Claim 1: Action is grounded in the concrete situation
This being the central concept of situated learning, the authors believe that it is exaggerated to all forms of education, especially mathematics. A frequently cited example if Carraher, Carraher, and Schliemann’s (1985) account of Brazilian street children who could easily perform mathematics related to sales were unable to solve similar problems in a school context. Thus, the real life situations do not generalize to school context. And surely, the converse does not stand true. Thus it calls for closer analysis and a need to achieve balance between generality practiced in schools and its applications in the real world scenarios. In other words, it stands for contextualization of learning stated much earlier by (Godden & Baddeley 1975; Smith, Glenberg & Bjork 1978). There are also examples of divers where learning takes place across contexts and of failures of context sensitivity that often frustrate researchers. Thus the concept of learning being bound to the context, depends on the kind of knowledge. One general result is that knowledge is more context bound when it is just taught in a single context (Bjork & Richardson-Klavehn, 1989).
To Lave’s (1986, 1988, p. 195) comment of school-taught mathematics serving only the arbitrary class structure, the authors sternly argue with numerous studies showing moderate to large correlation between school achievement and work performance (Hunter & Hunter, 1984); Bossiere, Knight & Sabot 1985). They also suggest further research on the hypothesis “context-independence of mathematical knowledge”.
Claim 2: Knowledge does not transfer between tasks
This claim is actually corollary to the first to which the authors refer Weber in 1944 and Fechner in 1858 who demonstrates large, modest, no or even negative transfers in psychology. The relationship however depends on the experimental situation and the material learnt prior to it, the amount of practice and the representation of the transfer task. Recent studies show failures as well as successful transfers of knowledge. Transfer between tasks is a function of the degree to which the tasks share cognitive elements (Singley & Anderson 1989). Also, a number of studies point out that transfer is enhanced if exposed to multiple examples. (Bransford, Franks, Vye & Sherwood 1989).
Claim 3: Training by abstraction is of little use
This too is a corollary of the above-discussed claims. However, it has been extended into an advocacy for the apprenticeship model (Brown, Collins & Duguid 1989) where the claim that the most effective training is real apprenticeship in their real world environments. The stronger version challenges the school based abstract learning. The authors argue that this has more to do with the design of the classroom and method of instruction than the idea of the instruction itself. Alternatively, they also state with reference to an unpublished research that abstract instruction leads to successful transfers as compared to concrete instructions. However, this might be true for mathematic knowledge. Theories in cognitive psychology suggest ‘learning by doing’ which suggests a balance between abstract instruction and concrete instructions of learning. This is supported by an experiment performed by Scholckow and Judd (Judd, 1908; Hendruckson & Schroeder, 1941) where two groups practiced throwing darts on an under water target. One was exposed to the abstract knowledge of refraction along with practice, while the other only practiced. Both did equally well. However, when changed the task and decreased the distance of the target underwater, the first group did better.
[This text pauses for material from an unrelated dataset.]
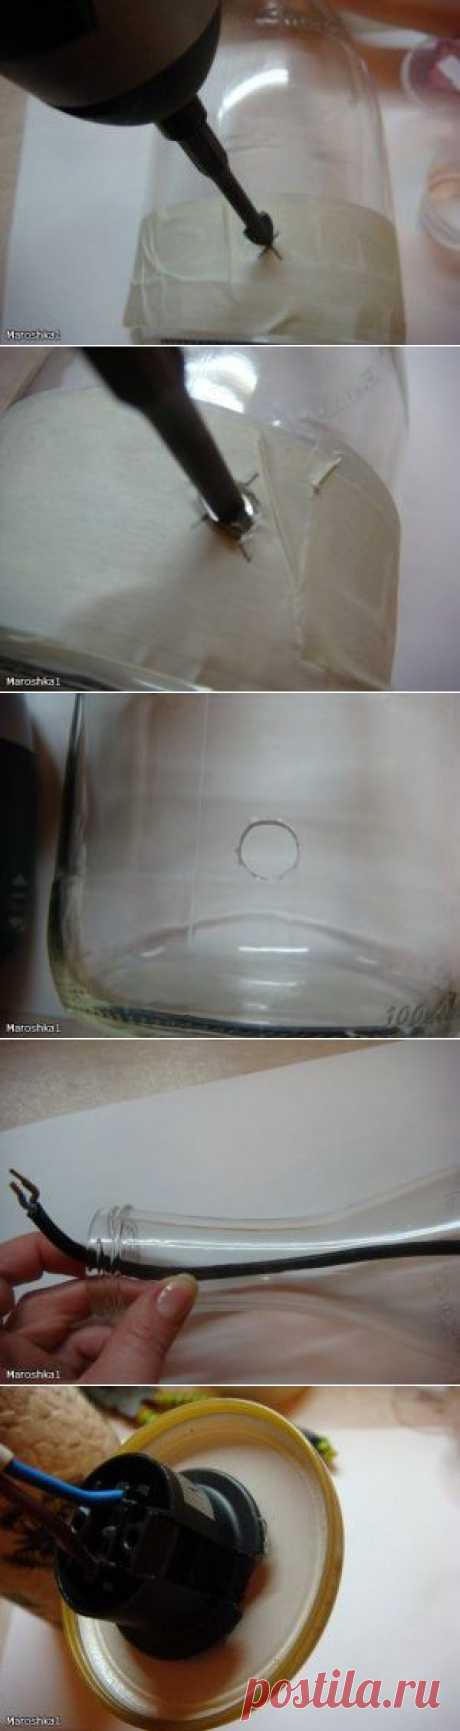 Как сделать основание для лампы из стеклянной бутылки

Claim 4: Instruction must be done in social environments
Another aspect to situated learning is ‘co-operative learning’ as an instructional tool (Johnson & Johnson, 1989). Co-operative learning is alternatively known as ‘communities of practice’ or ‘group learning’ which differs from tutoring in the aspect of people of the equal status work together. However few studies have successfully shown the superiority of co-operative learning over individual learning (Solomon and Globerson, 1989) where a number of detrimental effects like free riders, sucker and ganging up exist. It is because of these reasons it is difficult to practice as an academic panacea. However, there is a gap in structuring or scripting the co-operative learning aspects to make it effective which may lead to benefits of motivating and sharing of goals. Supporting the argument in colleges group projects are increasingly becoming popular.
Studies in cognitive psychology show knowledge to be partly context-dependent and also partly context-independent. There are drastic failures as well as dramatic success in knowledge transfer. Abstract as well as concrete instructions both help in the leaning process. Some may benefit hugely by the social contexts and the environment whereas it might be difficult of few others. Thus the concept of situated learning seems biased or ignores a few phenomena in cognitive psychology that has earlier been proven empirically. The authors thus suggest further research to identification of circumstances when broader or narrower contexts are required to narrower or broader skills for effective and efficient learning. They further state, even through situated learning has helped in raising awareness and consciousness to learning methods, it might misguide blind practitioners when they choose to implement the methods in all circumstances, contexts and learning environments.